31. A device according to claim 3 wherein said pharmaceutically acceptable active agent is a compound metabolized by Cytochrome P450 3A enzymes, said compound being selected from the group including but not limited to Alprazolam, Amiodarone, Amitriptyline, Astemizole, Atrovastatin, Budesonide, Bupropion, Buspirone, Caffeine, Carbamazepime, Cerivastatin, Cisapride, Claritromycin, Clomipramin, Clonazepam, Codeine, Cyclosporine, Dexametazone, Dextrometorphan, DHEA, Diazepam, Diltiazem, Disopiramide, Donepezil, Doxycicline, Erytromycin, Estradiol, Ethylestradiol, Felodipine, Fluoxetine, Imipramine, Lanzoprazole, Lidocaine, Loratidine, Lovastatin, Midazolam, Nefazodone, Nicardipine, Nifedipine, Nizoldipine, Norethindrone, Omeprazole, Ondansetron, Orphenadrine, Paroxetine, Progesterone, Pro[afenone, Quethiapine, Quinidine, Rifampin, Sertraline, Sibutramine, Sildenafil, Simvastatin, Tacrolimus, Tamoxifen, Terfenadine, Testosterone, Theophyline, Trazodone, Triazolam, Venlafaxine, Verapamyl, Vinblastine, (R)-Warfarin, Zolpidem.

32. A device according to claim 1, wherein the active agent is active agent is selected from the group consisiting of peptides, proteins, polypeptides, oligonucleotides or polysaccharides.

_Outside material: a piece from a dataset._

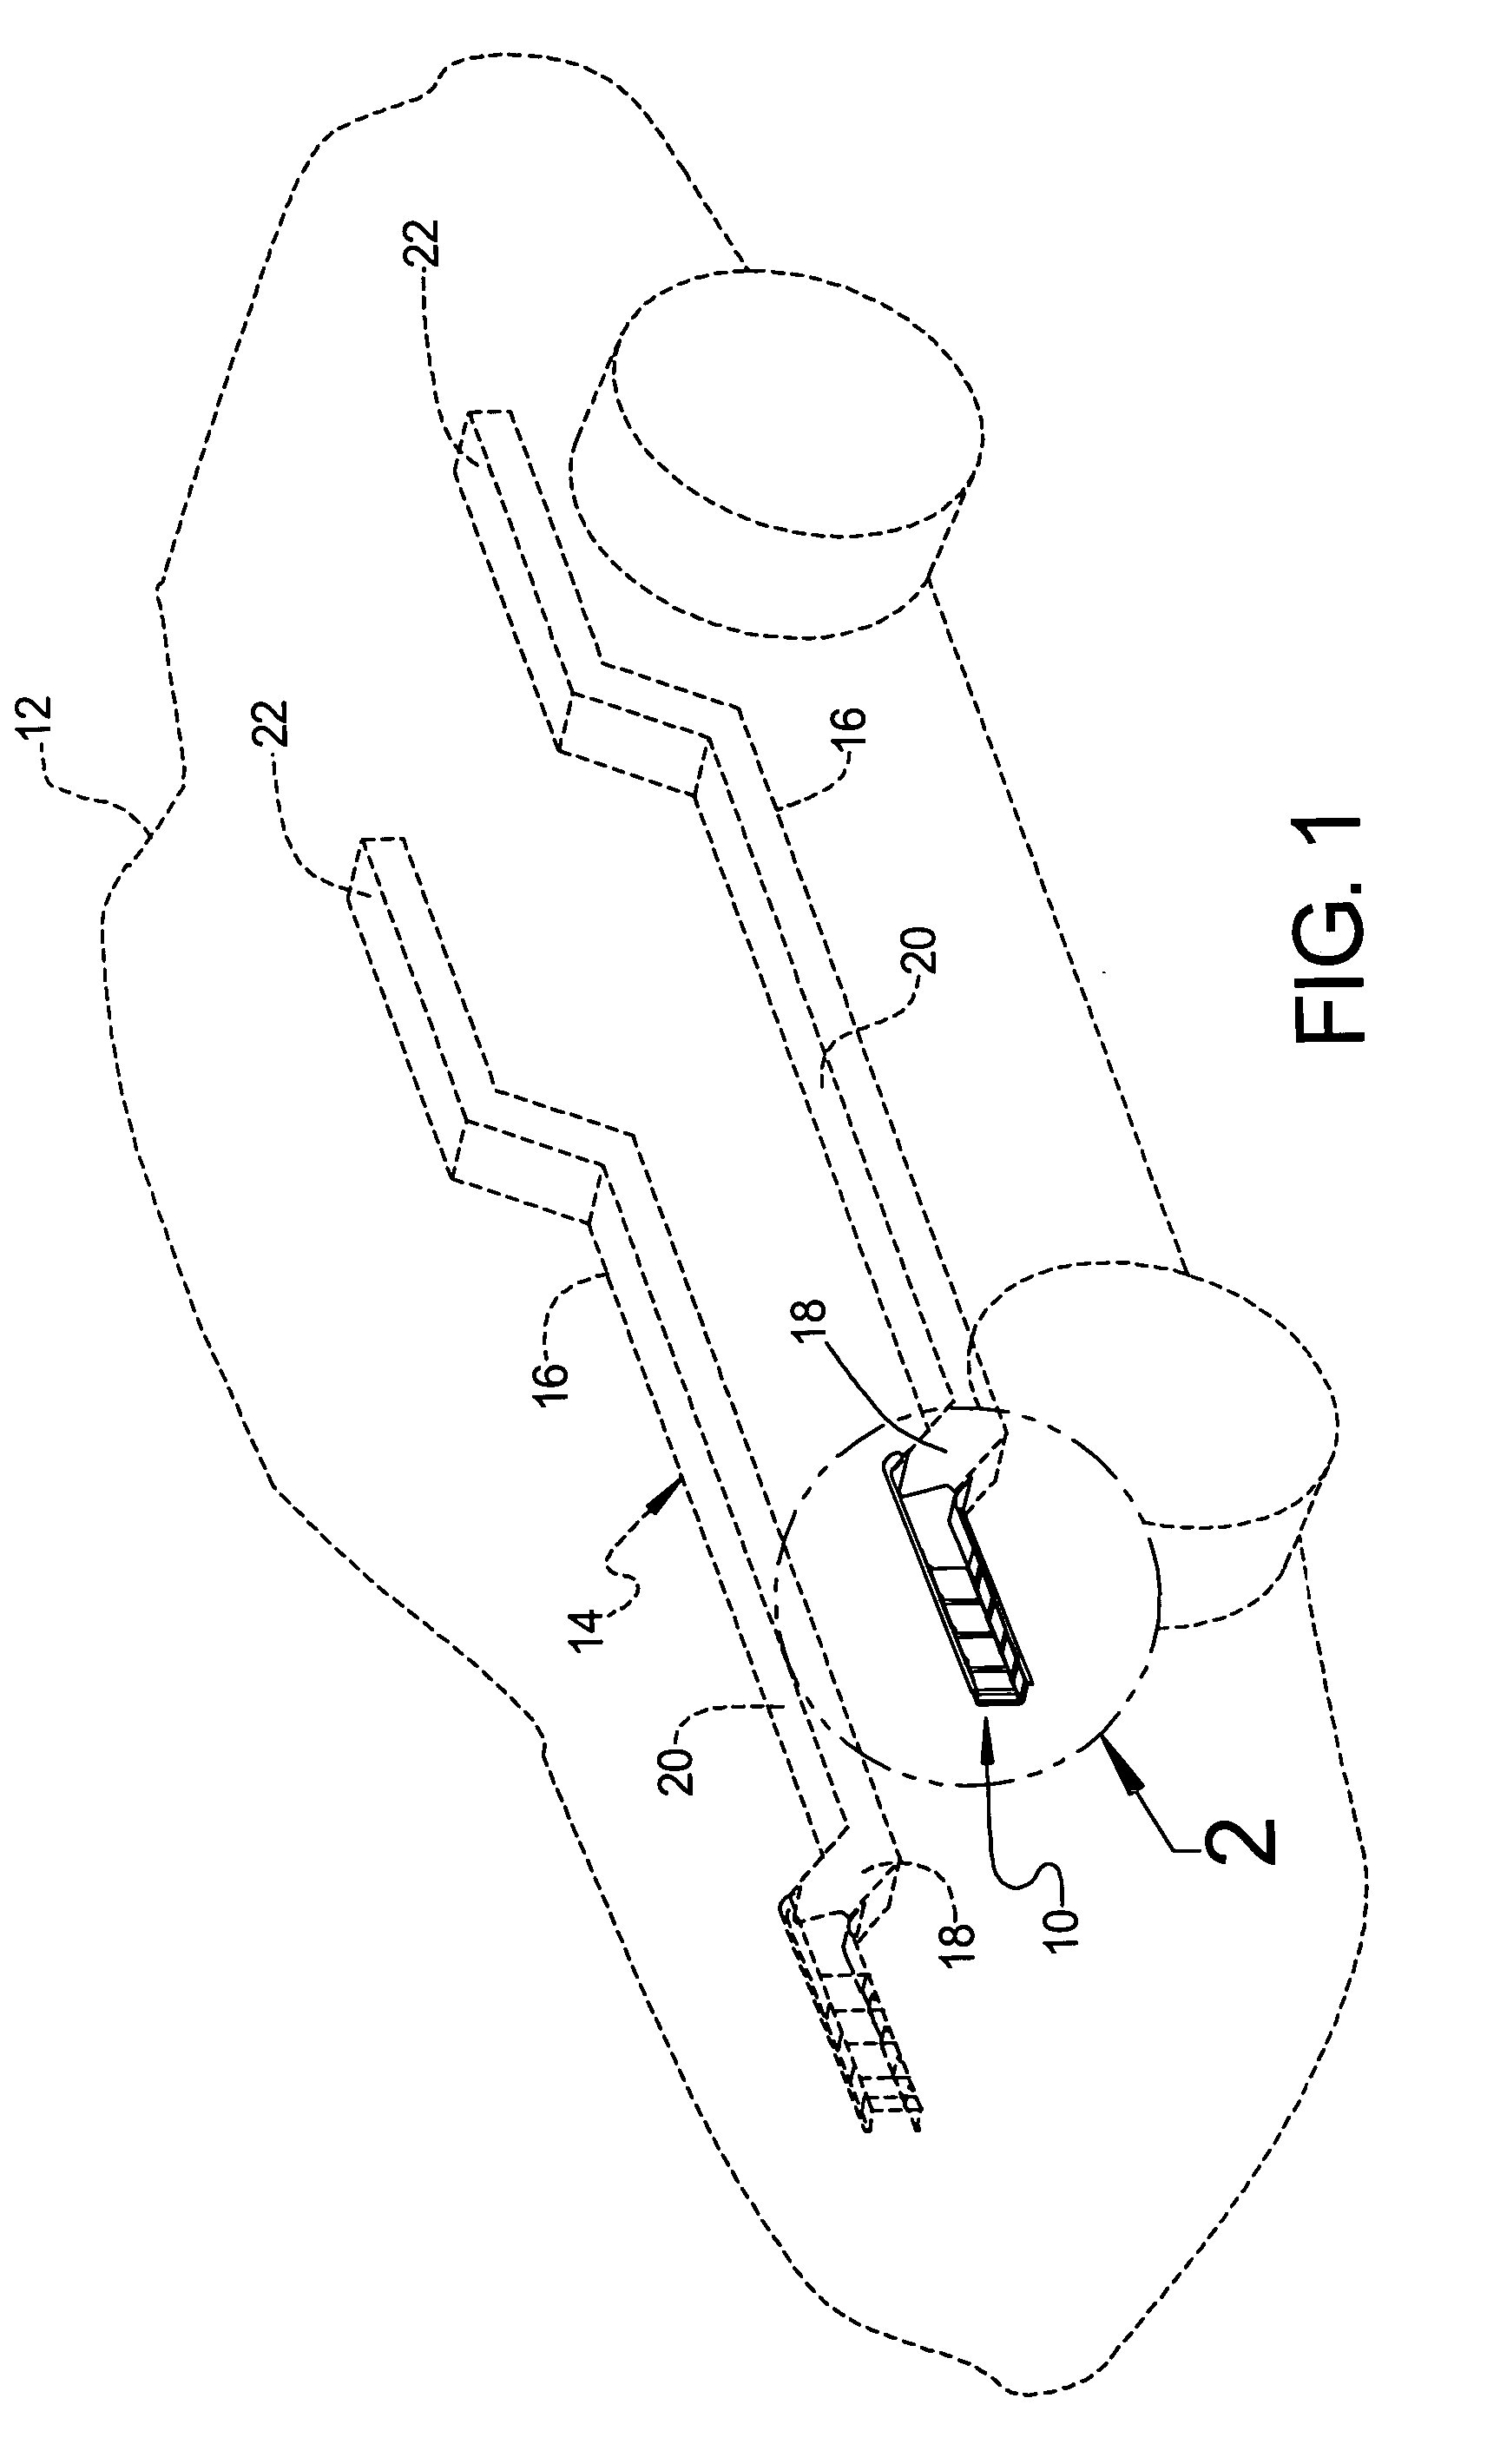 Structural assembly for vehicles

33. A device according to claim 32 wherein said polypeptides are selected from the group consisting of, therapeutical agents, nutritional products, steroids, hormones, insulin, growth hormone (GH), growth hormone releasing hormone (GHRH), epithelial growth factor, vascular endothelial growth and permeability factor (VEGPF), nerve growth factor, cytokines, interleukins, interferons, GMCSF, hormone-like products, neurological factor, neurotropic factor, neurotransmitter, neuromodulator, enzyme, antibody, peptide, proteic fragment, vaccine, adjuvant, an antigene, immune stimulating or inhibiting factor, heomatopoietic factor, anti-cancer product, anti-inflammatory agent, anti-parasitic compound, anti-microbial agent, cell proliferation inhibitor or activator, cell differentiating factor, blood coagulation factor, immunoglobulin, anti-angiogenic product, negative selective markers or “suicide” agent, toxic compound, anti-angiogenic agent, and the like, and structurally similar bioactive equivalents thereof.